Entries provided below:

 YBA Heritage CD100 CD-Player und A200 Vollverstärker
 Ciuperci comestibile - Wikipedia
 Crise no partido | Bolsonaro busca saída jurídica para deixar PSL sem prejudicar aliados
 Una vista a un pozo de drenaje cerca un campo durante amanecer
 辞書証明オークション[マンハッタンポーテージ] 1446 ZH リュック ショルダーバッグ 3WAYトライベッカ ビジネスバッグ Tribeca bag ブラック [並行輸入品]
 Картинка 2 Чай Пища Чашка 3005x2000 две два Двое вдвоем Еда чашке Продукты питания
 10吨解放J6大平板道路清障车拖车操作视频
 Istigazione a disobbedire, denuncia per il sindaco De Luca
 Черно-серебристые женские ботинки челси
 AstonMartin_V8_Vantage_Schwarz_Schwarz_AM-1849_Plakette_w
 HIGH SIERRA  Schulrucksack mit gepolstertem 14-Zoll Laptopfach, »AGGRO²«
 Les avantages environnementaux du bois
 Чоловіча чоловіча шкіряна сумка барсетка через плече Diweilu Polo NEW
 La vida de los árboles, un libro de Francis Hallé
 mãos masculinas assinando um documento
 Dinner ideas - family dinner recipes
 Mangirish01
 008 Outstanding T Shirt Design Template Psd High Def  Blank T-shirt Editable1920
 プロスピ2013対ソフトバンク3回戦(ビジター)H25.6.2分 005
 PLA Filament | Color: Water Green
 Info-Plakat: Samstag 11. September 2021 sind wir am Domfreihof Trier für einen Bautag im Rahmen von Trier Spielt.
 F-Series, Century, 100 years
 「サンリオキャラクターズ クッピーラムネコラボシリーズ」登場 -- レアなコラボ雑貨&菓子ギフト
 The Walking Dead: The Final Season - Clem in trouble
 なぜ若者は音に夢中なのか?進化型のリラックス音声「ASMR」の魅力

End of Entries provided.

-- Problem description --
The lines above from the one with "Istigazione a disobbedire, denuncia" through the one with "Чоловіча чоловіча шкіряна" are to be duplicated exactly, ends included, with nothing added.

-- Result below --
 Istigazione a disobbedire, denuncia per il sindaco De Luca
 Черно-серебристые женские ботинки челси
 AstonMartin_V8_Vantage_Schwarz_Schwarz_AM-1849_Plakette_w
 HIGH SIERRA  Schulrucksack mit gepolstertem 14-Zoll Laptopfach, »AGGRO²«
 Les avantages environnementaux du bois
 Чоловіча чоловіча шкіряна сумка барсетка через плече Diweilu Polo NEW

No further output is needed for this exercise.